Structures of dimeric SARS-CoV-2Mpro and its α-ketoamide inhibitor
13b. (A) Protomers A and B are shown as orange and blue ribbons,
respectively. The inhibitor and catalytic residues in protomer A are shown as purple
and green sticks, respectively. (B) The most electrophilic center of 13b
is highlighted with a black arrow.
Empirical Valence Bond Simulations
In the EVB simulations, the reacting atoms are defined as region I atoms, while the rest
of the protein atoms (up to a user-defined radius) are defined as region II. In some of
our EVB simulations in which a few atoms of the inhibitor were included in region I, the
geometric center of the inhibitor was considered as the center of the simulation system.
On the contrary, in the simulations in which the atoms of the inhibitor were not part of
region I, the geometric center of all of the protein atoms included in region I was used
as the center. The protein–inhibitor system was immersed in a 22 Å sphere of
water molecules. The water molecules at the boundary of the solvent sphere were subject to
polarization and radial restraints by using the surface-constrained all-atom solvent
(SCAAS) model. This simulation sphere was further surrounded by a 2 Å spherical shell
of Langevin dipoles and then a bulk continuum. The long-range electrostatic effect was
treated using the local reaction field (LRF) method.[33] All protein
atoms beyond the 22 Å sphere were fixed at their initial coordinate positions as in
the crystal structure. The electrostatic interaction from outside of the sphere was not
included in the energy calculations. The partial charges of all region I atoms were
calculated at the B3LYP/6-31+G** level of theory using Gaussian 09, and the partial
charges and all other EVB parameters are provided in the Supporting Information.Before the free energy surface (FES) was calculated using the EVB approach, the
simulation system was equilibrated thoroughly. The temperature of the simulation system
was increased slowly from 1 to 300 K in increments of 40 K (except from 280 to 300 K,
where the increment was 20 K) for a total simulation time of 200 ps. During heating, the
EVB region I atoms were constrained at 50 kcal/mol energy. This constraint was then
released in six steps to 0.3 kcal/mol in an additional 100 ps. Finally, three different
starting geometries were generated from an equilibration simulation of 300 ps. It is worth
mentioning that the equilibration of a system is considerably fast with spherical boundary
conditions. Additionally, we observed minimal fluctuation of the root-mean-square
deviation (RMSD) of the positions of the heavy atoms in region II during the last 300 ps
equilibrium simulations. In the EVB approach, the free energy surface is calculated using
the free energy perturbation/umbrella sampling (FEP/US) method, and for that, we ran
simulations of 51 frames with each frame simulated for 10 ps. For each reaction, the
simulations of the reference reaction (a reaction in water without any protein atoms from
region II) were also performed to obtain the necessary EVB parameters (gas phase shift and
coupling constants). The definition of these parameters can be found in the Supporting Information. The reported energies in this work were obtained
from the averaging of three independent EVB simulations.
PDLD/S-LRA/β Simulations
The simulation setup for the noncovalent binding energy was the same as that for the EVB
simulations, except in the PDLD/S-LRA/β simulations, the whole inhibitor was
included in region I and all atoms (including atoms in region I) in the simulation were
represented with the ENZYMIX force field.
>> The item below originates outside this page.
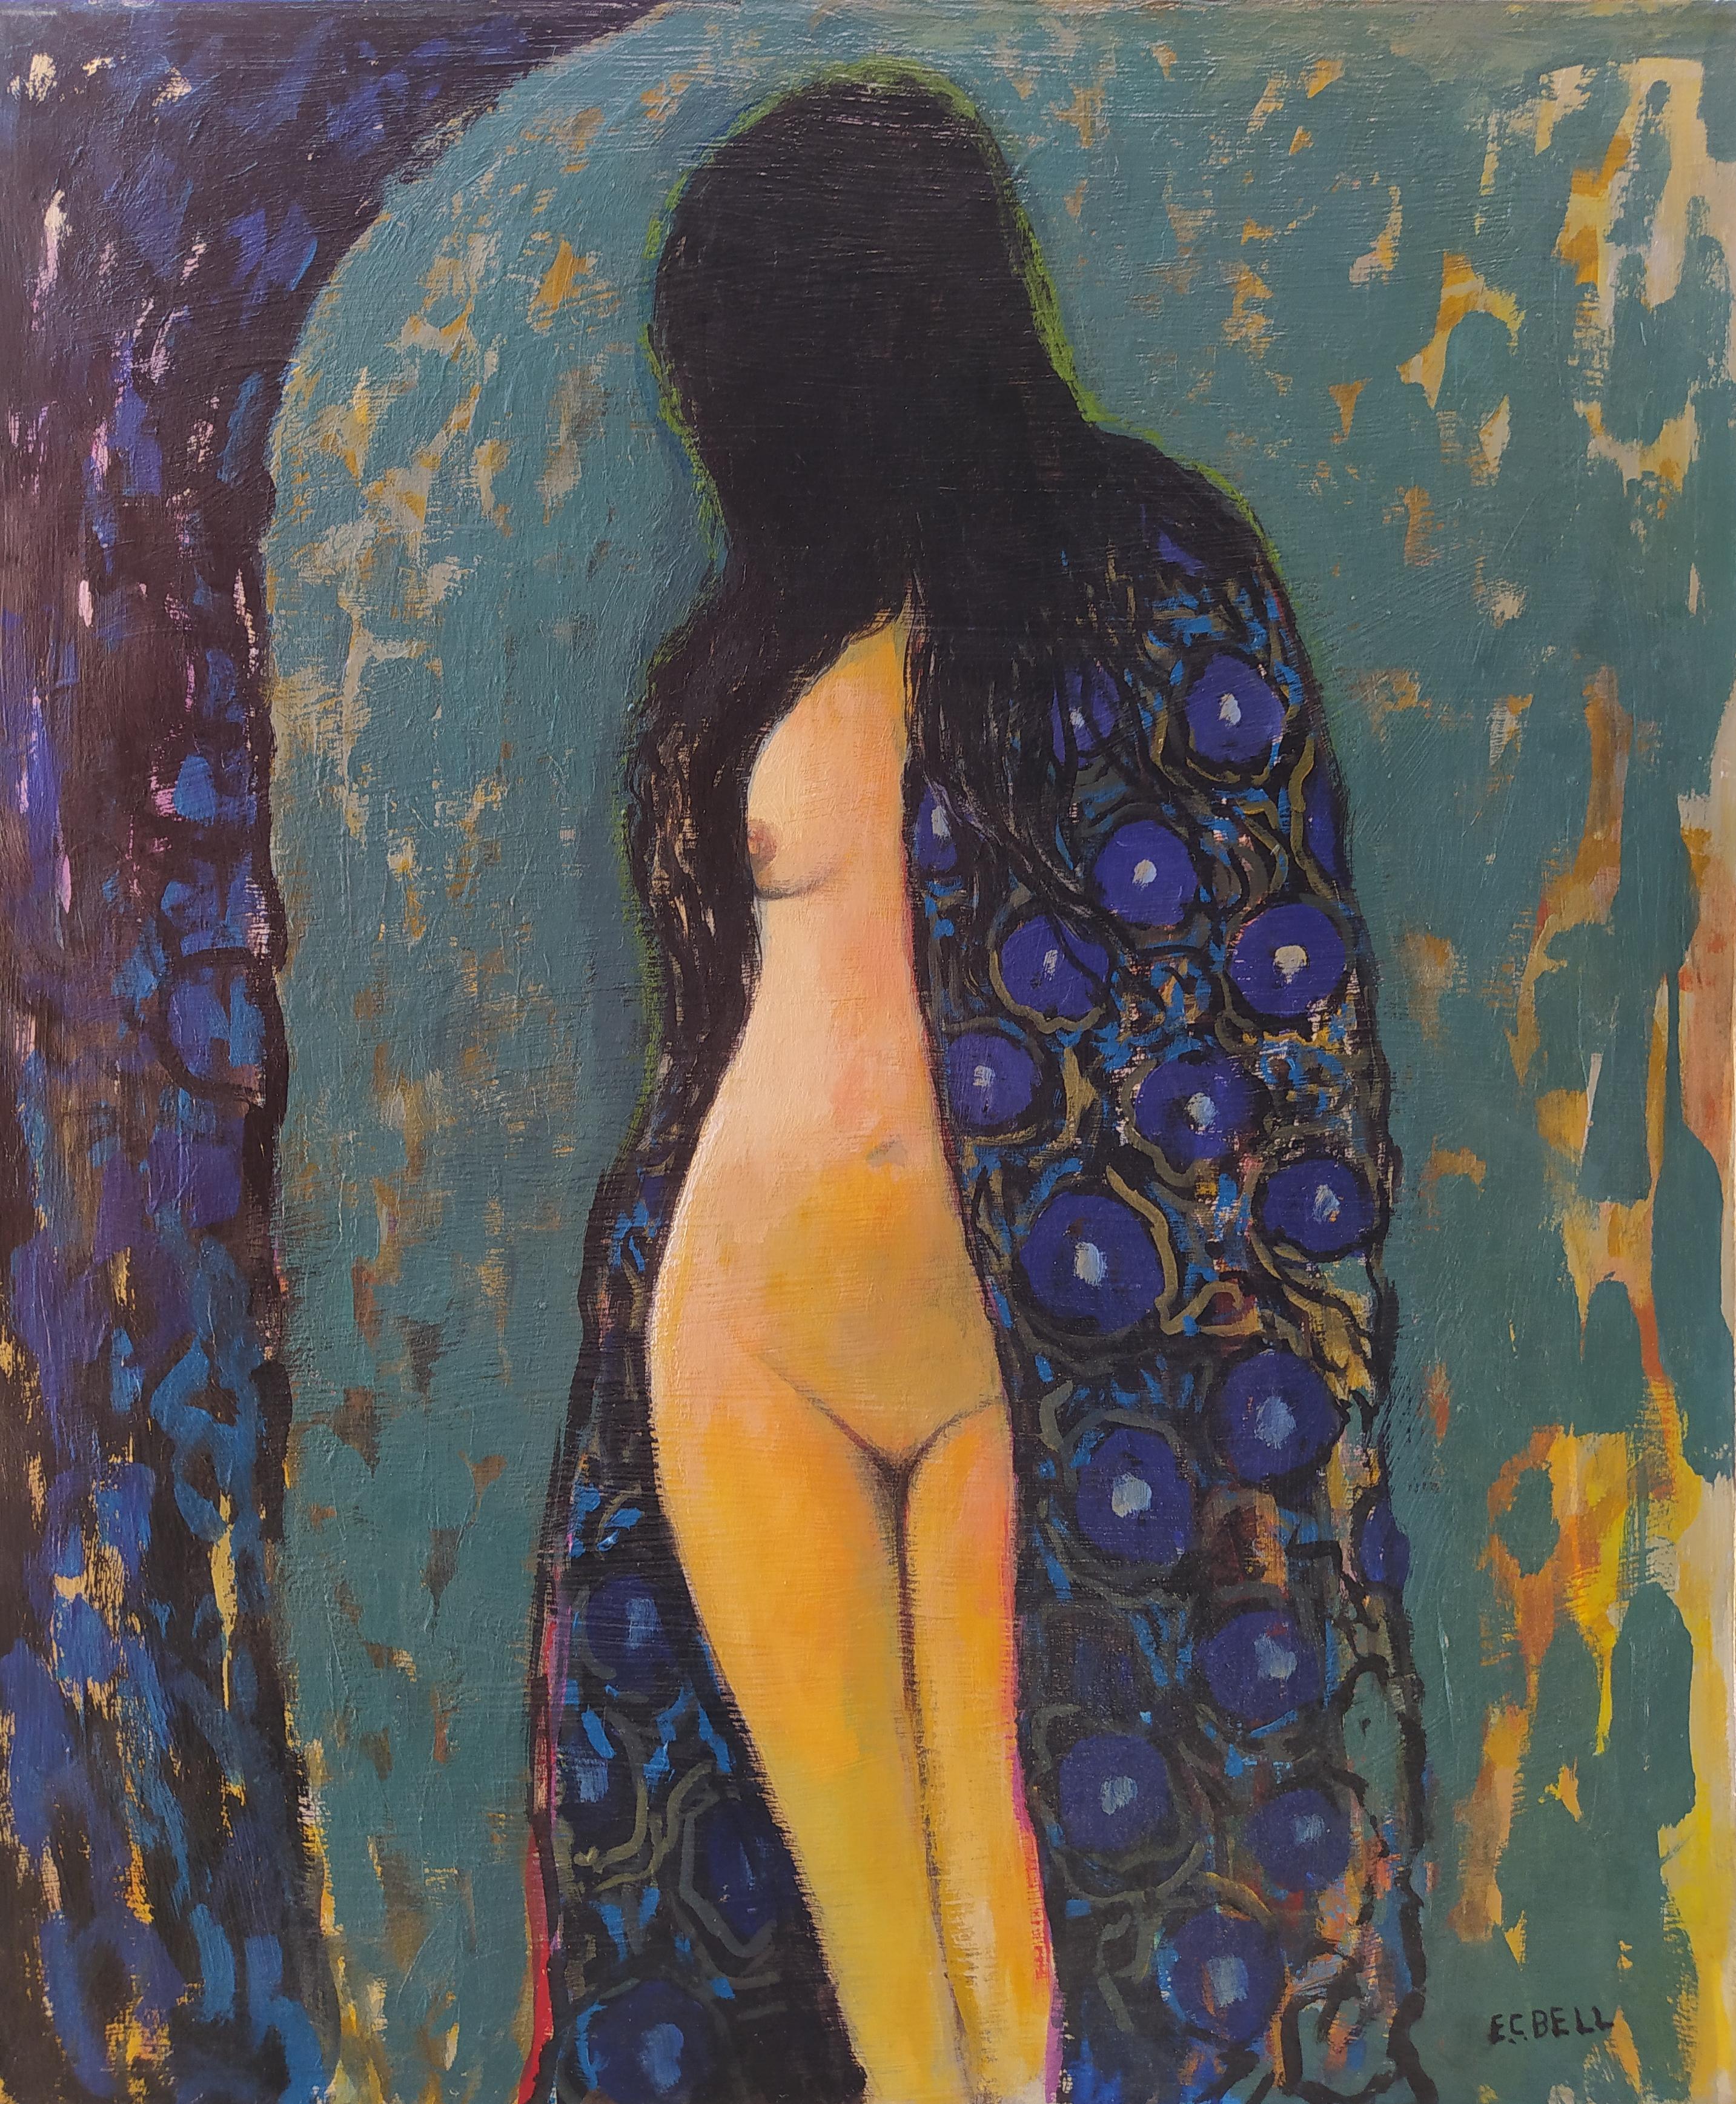 Figurative Painting E.C. Bell - Robe « Morning Glory Gown » - Femme expressionniste verticale semi-nue avec robe.

Five different simulations (starting with
different initial structures) were performed for each noncovalent binding free energy
calculation. The presented results were averages of those simulation results. In every
PDLD/S-LRA/β simulation, the linear response approximation (LRA) calculation was
performed on 10 different protein configurations. A brief description of the PDLD/S-LRA/
β method can be found in the Supporting Information.
Results and Discussion
A generic binding process for a covalent inhibitor can be described formally as a two-step
process, where the first step is formation of a noncovalent protein–inhibitor complex
and the second step is the chemical reaction that forms a covalent protein–inhibitor
complex (see Figure ). As we can see from Figure , the chemical reaction can consist of multiple
steps. Thus, the absolute binding free energy of a covalent complex can be a combination of
many free energy terms. To compare the calculated covalent binding free energies with the
corresponding experimental results, we need reliable calculations of each of those steps. In
the following sections, we will discuss the calculations of the free energy changes for
different steps, and finally, we will compare our calculated results with experimental
results of inhibitor 13b.
Figure 3
General free energy profile that explains the formation of a covalent protein
(P)–inhibitor (I) complex. P···I, [P---I]‡, and
P---I denote the noncovalent, activated complex(es) during chemical reaction(s) and the
covalent binding state, respectively. ΔGnoncov,
ΔGchem , and ΔGcov
represent the noncovalent (P···I) binding energy, reaction free energy,
and total covalent (P---I) binding free energy, respectively.
General free energy profile that explains the formation of a covalent protein
(P)–inhibitor (I) complex. P···I, [P---I]‡, and
P---I denote the noncovalent, activated complex(es) during chemical reaction(s) and the
covalent binding state, respectively. ΔGnoncov,
ΔGchem , and ΔGcov
represent the noncovalent (P···I) binding energy, reaction free energy,
and total covalent (P---I) binding free energy, respectively.
Noncovalent Binding Free Energy (ΔGnoncov)
Calculations
Mpro with different ionization combinations was used to calculate the
ΔGnoncov of two types of noncovalent complexes. In one
case, we ionized all ionizable residues within 20 Å of the geometric center of the
inhibitor as well as His41 (doubly protonated) and Cys145 (negatively charged), whereas in
another case, the His41-Cys145 pair was kept in its neutral form. We have used the Monte
Carlo Proton Transfer (MCPT)[34] method to assess the most probable
ionization state of the titratable residues. The neutral form corresponds to the situation
in which the inhibitor binding occurs before the proton transfer between Cys145 and His41.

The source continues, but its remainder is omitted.